A Model of the C IV $\lambda\lambda$ 1548, 1550 Doublet Line in T Tauri Stars

TL;DR

This paper introduces a new model for the C IV doublet emission in T Tauri stars, explaining line formation in accretion shocks and flows, and matching observations to infer physical conditions and abundances.

Contribution

It presents a novel C IV line formation model based on accretion shock and flow simulations, improving understanding of line origins and stellar accretion processes.

Findings

The narrow component is optically thin and from the postshock region.

The broad component is optically thick and from the preshock.
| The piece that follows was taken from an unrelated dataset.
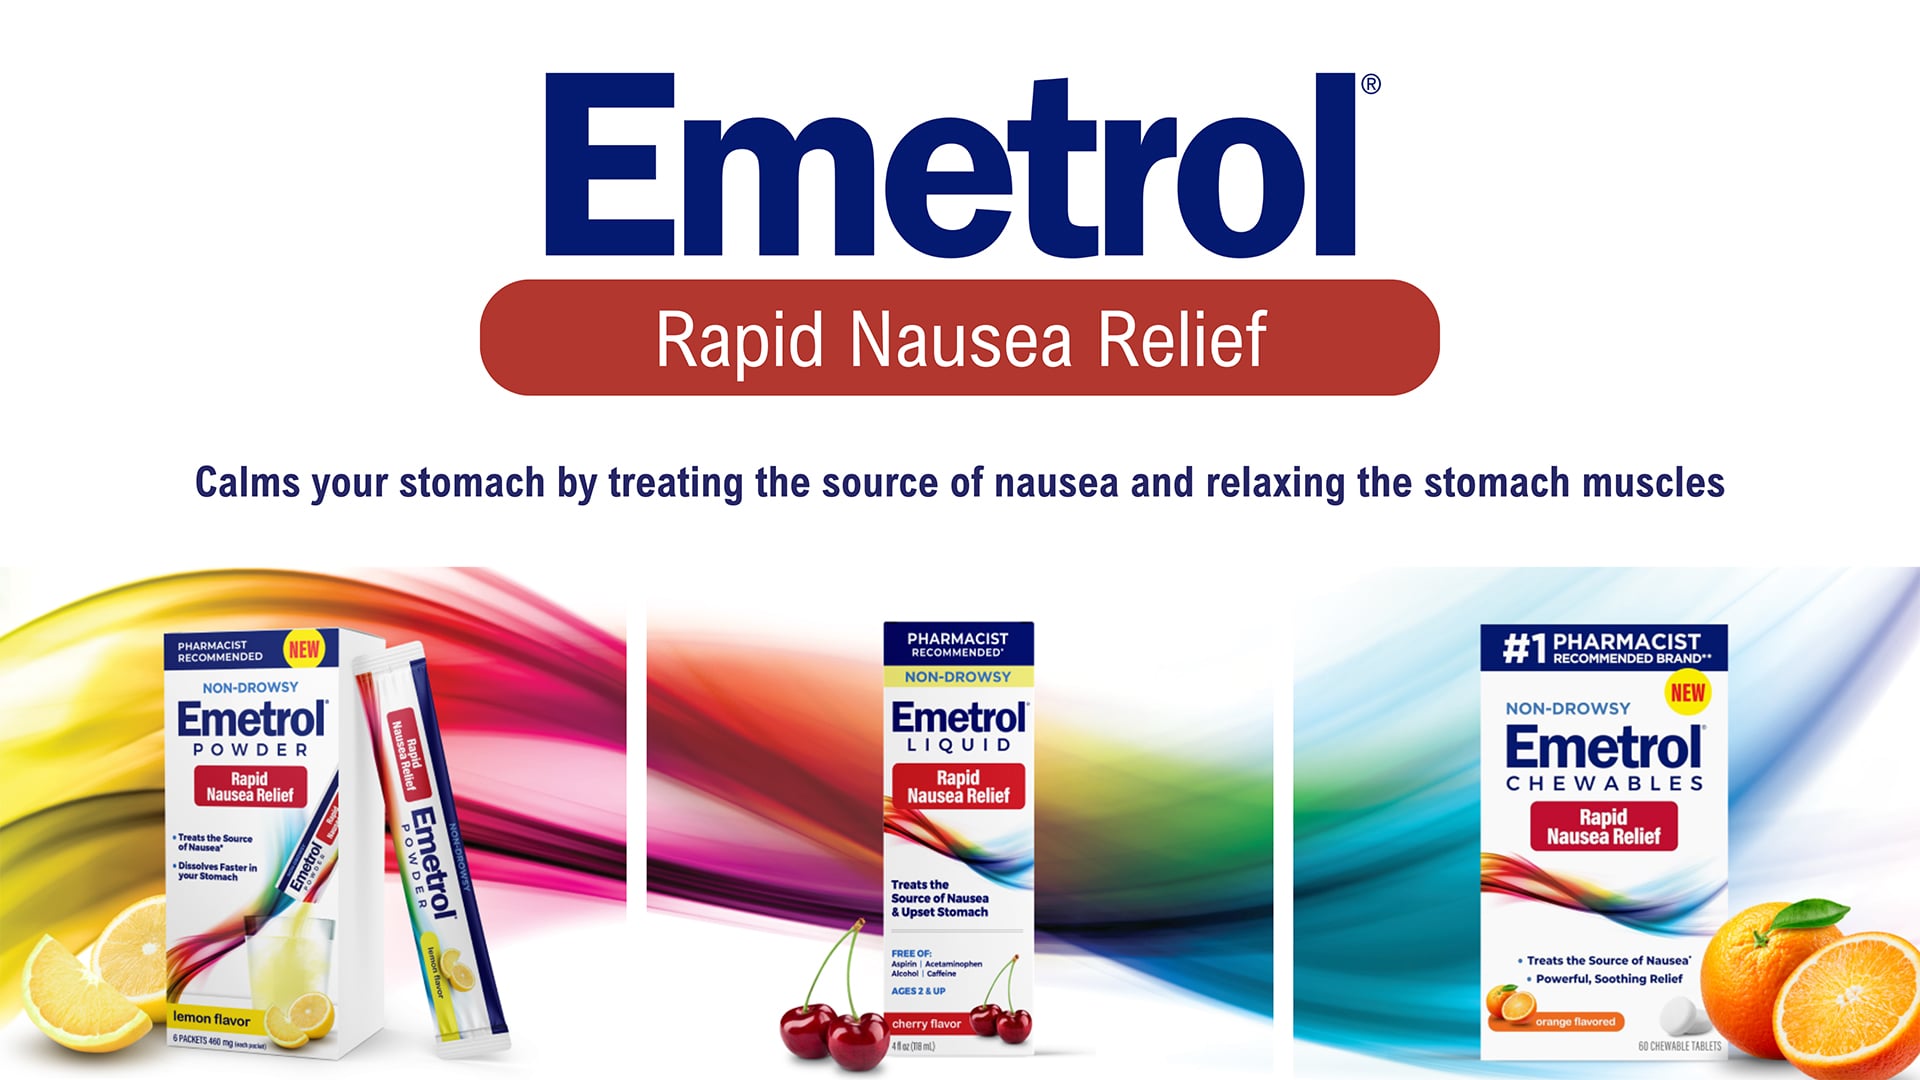 Emetrol's family of nausea relief products. Text states 'Calms your stomach by treating the source of nausea and relaxing the stomach muscles,' with images of Emetrol Powder in lemon flavor, Emetrol Liquid in cherry flavor, and Emetrol Chewables in orange flavor, each beside corresponding fruit slices.

The model reproduces observed line profiles for four out of seven stars.

Abstract

The C IV doublet in the UV has long been associated with accretion in T Tauri stars. However, it is still unclear where and how the lines are formed. Here, we present a new C IV line model based on the currently available accretion shock and accretion flow models. We assume axisymmetric, dipolar accretion flows with different energy fluxes and calculate the properties of the accretion shock. We use Cloudy to obtain the carbon level populations and calculate the emerging line profiles assuming a plane-parallel geometry near the shock. Our model generally reproduces the intensities and shapes of the C IV emission lines observed from T Tauri stars. We find that the narrow component is optically thin and originates in the postshock, while the broad component is optically thick and emerges from the preshock. We apply our model to seven T Tauri stars from the Hubble Ultraviolet Legacy Library of Young Stars as Essential Standards Director's Discretionary program (ULLYSES), for which consistently determined accretion shock properties are available. We can reproduce the observations of four stars, finding that the accretion flows are carbon-depleted. We also find that the chromospheric emission accounts for less than 10 percent of the observed C IV line flux in accreting T Tauri stars. This work paves the way toward a better understanding of hot line formation and provides a potential probe of abundances in the inner disk.